What complex number lies at the midpoint of the complex numbers 𝑟 equals five plus three 𝑖 and 𝑠 equals three plus seven 𝑖 when they’re represented on a complex plane?

We know that the complex plane looks a lot like the Cartesian plane. Except this time, the horizontal axis represents the real component of the complex number, whereas the vertical axis represents the imaginary component. So this means the complex number 𝑟, which is five plus three 𝑖 would have coordinates five, three, whereas the complex number 𝑠 equals three plus seven 𝑖 can be plotted with coordinates three, seven. We then could use the fact that the midpoint of two Cartesian coordinates, 𝑥 one, 𝑦 one and 𝑥 two, 𝑦 two, is 𝑥 one plus 𝑥 two all over two, 𝑦 one plus 𝑦 two all over two. And so the midpoint of the Cartesian coordinates 3, 7 and 5, 3 would be three plus five over two, seven plus three over two.

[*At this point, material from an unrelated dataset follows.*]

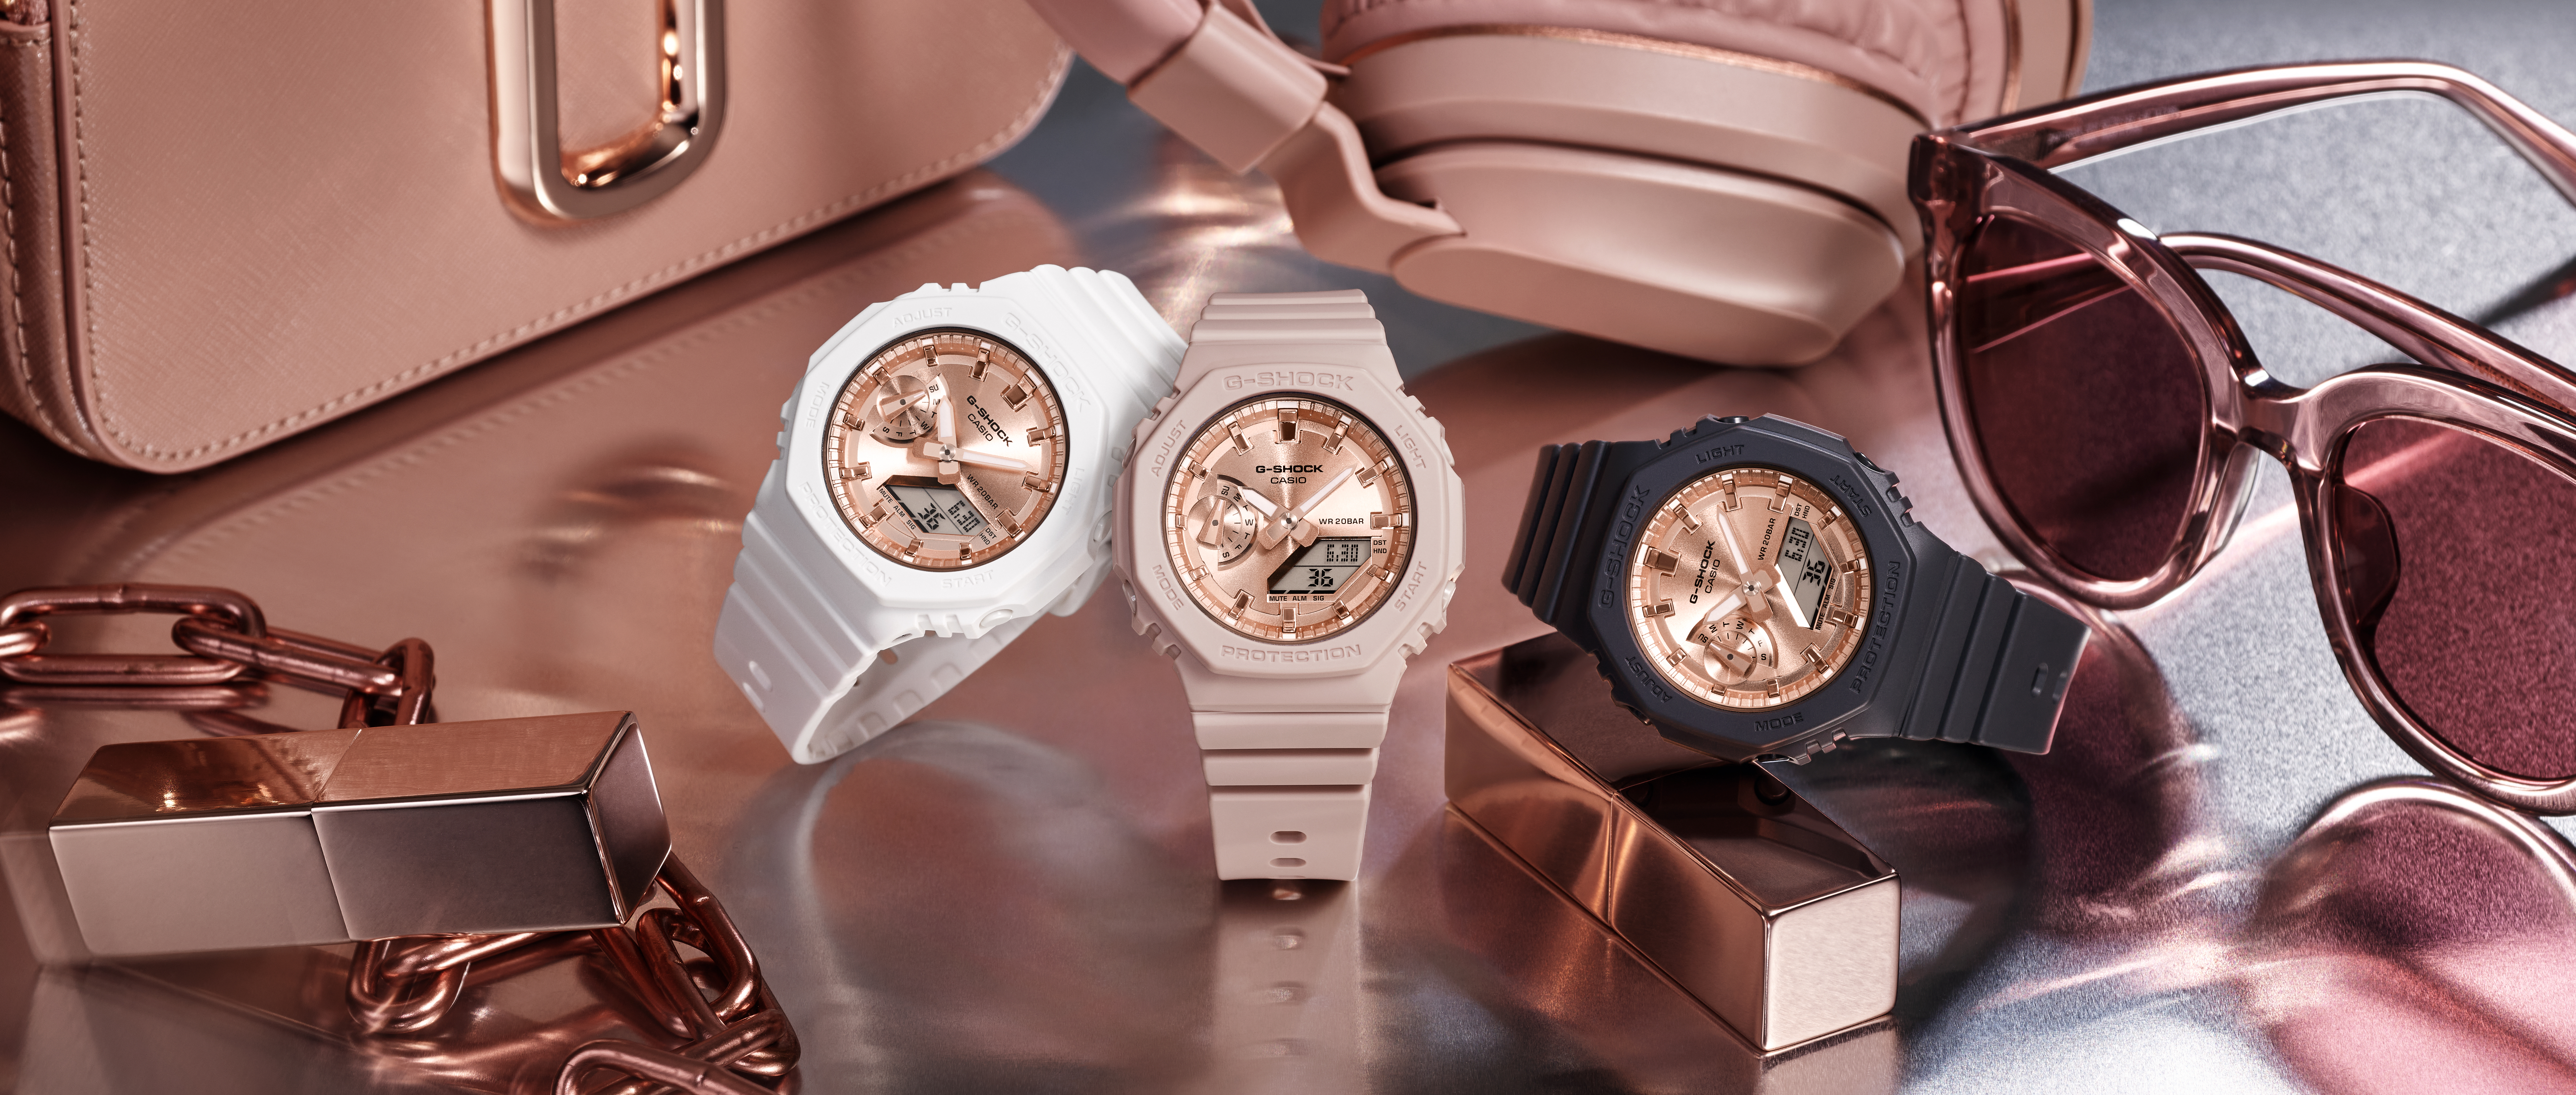 Go cool, classy or both with G-SHOCK!

Well, three plus five is eight and eight over two is four, whilst seven plus three is 10 and 10 over two is five. And so in coordinate form, we see that the midpoint is four, five. But of course, we refer back to the complex plane. And we see that the real component of this complex number must, therefore, be four and its imaginary component must be five. And this means the complex number that lies at the midpoint of the complex numbers 𝑟 and 𝑠 is four plus five 𝑖. Now, in fact, it’s hugely useful to recall how we plot complex numbers to answer this question. But we can see that, to find the midpoint of two complex numbers, all we do is we find the average of the real components and the average of the imaginary components.